Ibuku hanya mengangguk lemah.
Setelah mengambil dompet dan juga tas kecil, aku pun berjalan menuju lift. Setelah sampai depan meja resepsionis, aku menaruh kunci kamar lalu menyapa pria yang sama. "Sir, my mom is very ill, and I want to go to a drug store. If there is anything worse, could you reach me on my number?" pintaku sambil menyerahkan secarik kertas yang tertulis nomer hapeku disana.

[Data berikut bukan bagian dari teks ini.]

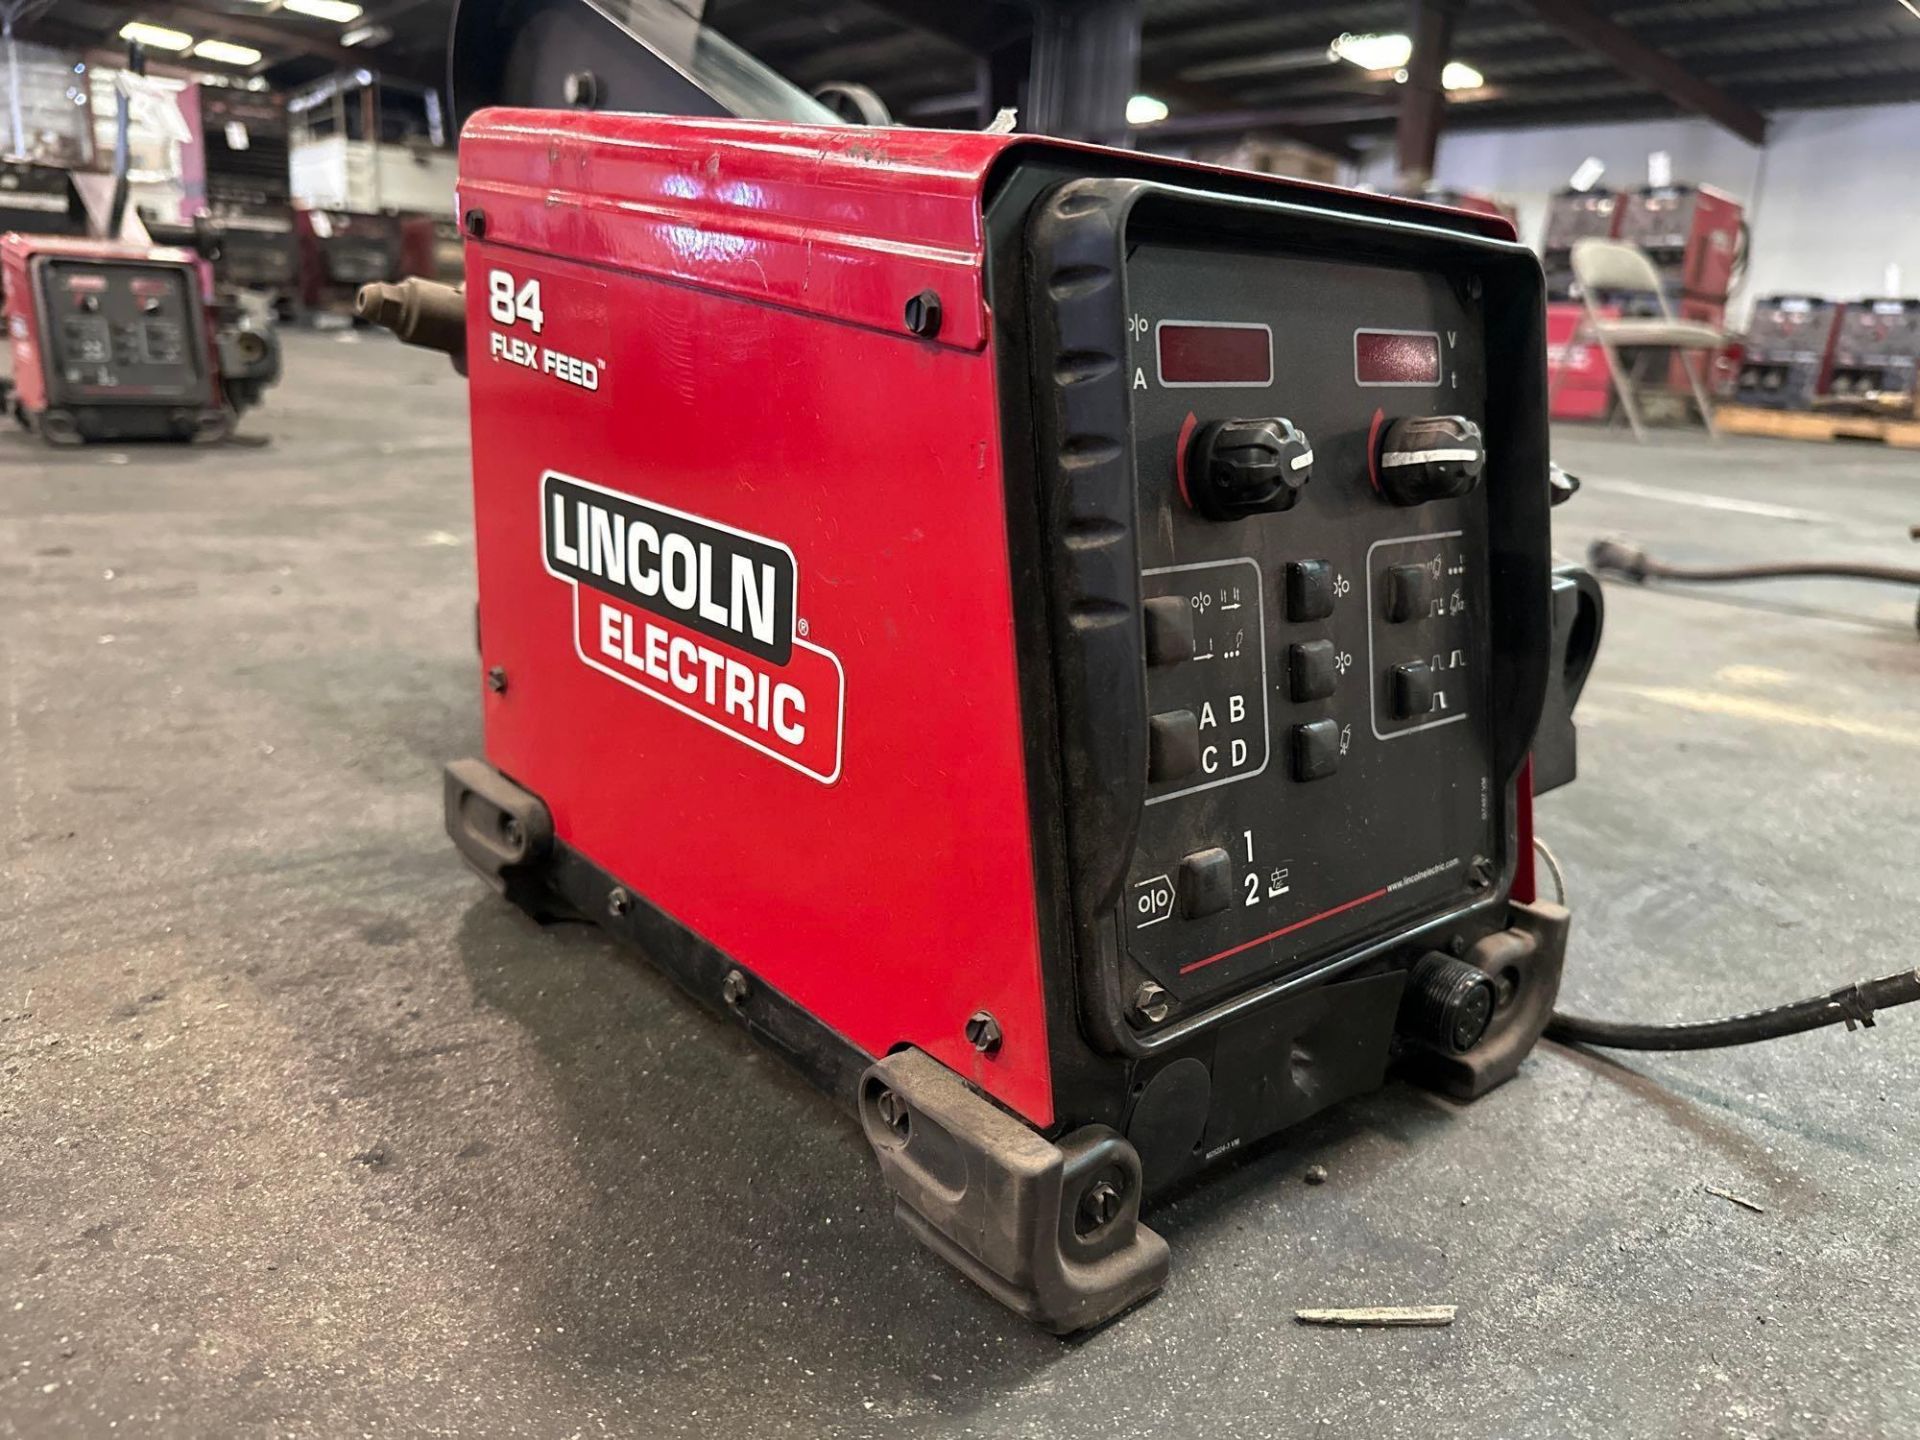 Lincoln Electric 84 Flex Feed Wire Feeder, s/n U1210705266 *Located in Redlands, CA*
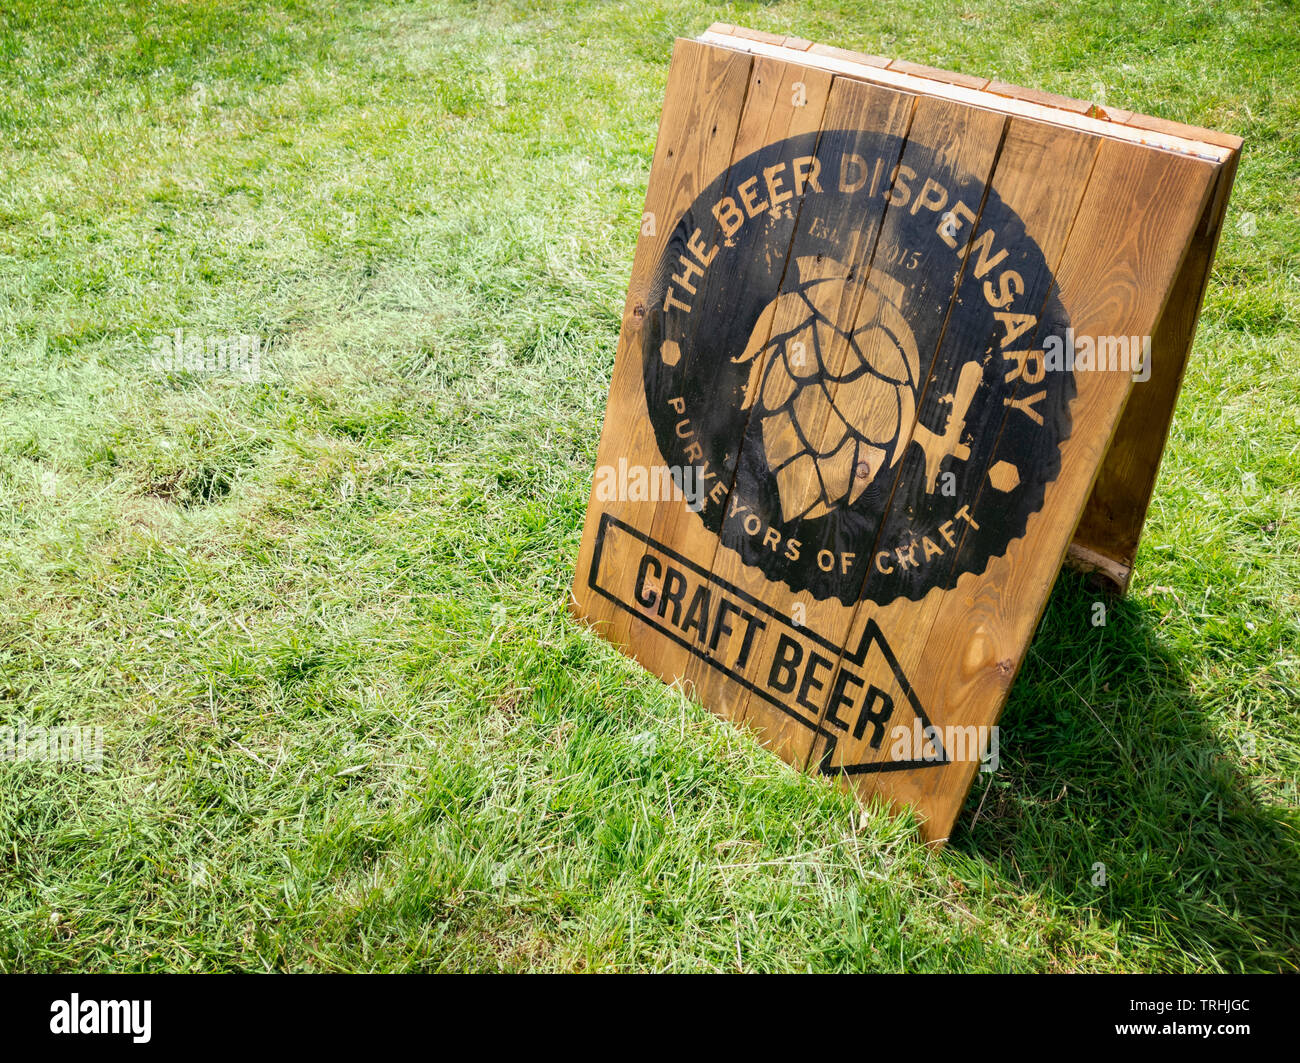 Craft Beer Sign / Signage, The Beer Dispensary. Wooden Craft Beer / Ale / IPA sign on grass background, Edenbridge Food & Drink Festival, Kent, UK Stock Photo

Pria manis itu menerima kertas itu dan mengangguk. Aku lupa mengambil kunci kamarku kembali. Setelah sekitar satu jam aku meninggalkan Ibuku untuk menebus obatnya, aku berjalan menuju meja resepsionis untuk mengambil kunci kamarku.
"Hey I want to have my key," pintaku pada petugas resepsionis. Aku sudah tidak sabar untuk kembali ke kamarku.
"Excuse me?" Terlihat kebingungan di wajah pria manis itu.
"I'm staying in room 215. I want to have the key that I accidentally left it here," terangku padanya. Kunci kamar yang tanpa sengaja ketinggalan di meja resepsionis menjadi kesalahanku terbesar yang aku sesali hingga masa tuaku tiba.
"But Ma'am that room is empty," jawaban yang keluar dari mulut lelaki itu sanggup membuatku hampir murka.
Tidak lama lewatlah dokter yang tadi merawat Ibuku. "Doctor Dobson ... " sapaku dengan nada penuh kebingungan. Â "Tell me ... you just treated my mom about two hours ago right? And give me the receipt so I can get my mom drug ..." Aku meminta persetujuan dari dokter African-American itu.